Thursday, December 11, 2008
December 12th will be J and I's 5th anniversary. Seems strange to me. Not really, but kinda. 5 years and 2 kids later and we are still going strong. Some "things" may have gone out of our relationship. Mainly time for just me and him, but hey, what can ya do?
I really could not imagine my life without my husband. If I had wallowed in self pity over my first husband, I might have not met J. Instead, I took what I learned from my first husband, and how much I did for him and his health and son, and applied it back into MY life. I don't think my first husband and I had any sort of love for each other. I mean, I did love him. I worried about him, took care of him, made sure he had what he needed. Everything I did was for him. I loved his son (Still do. If I could find his contact info, I would love to see him again) like he was my own. I felt so guilty after my first husband died. Like I had done something wrong. Like I wasn't meant to have anyone in my life. I kept wondering if I had just loved him more, would he still be here?

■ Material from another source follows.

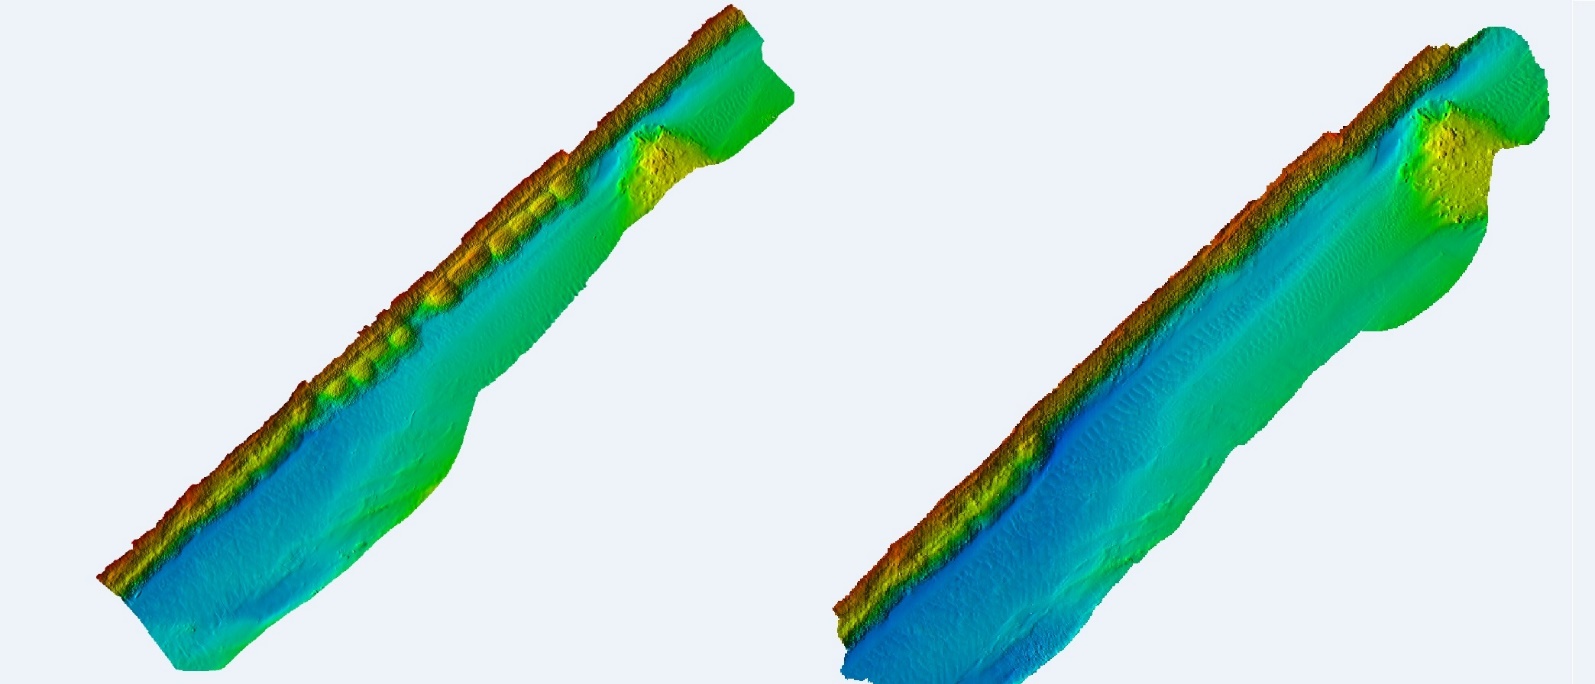 3D model korita (desna obala) rijeke Neretve nakon i prije radova nasipanja

I couldn't live like that. So the sooner I started living for me, the better off I was.
And it's been 5 years. I can honestly say that I don't feel guilty for moving on in my life.
I have a wonderful, loving, romantic, positive, supportive and hard working husband and two beautiful kids. If I hadn't have met J..I wouldn't have those things. I can only hope we have quite a few more years together..but I'm sure we will.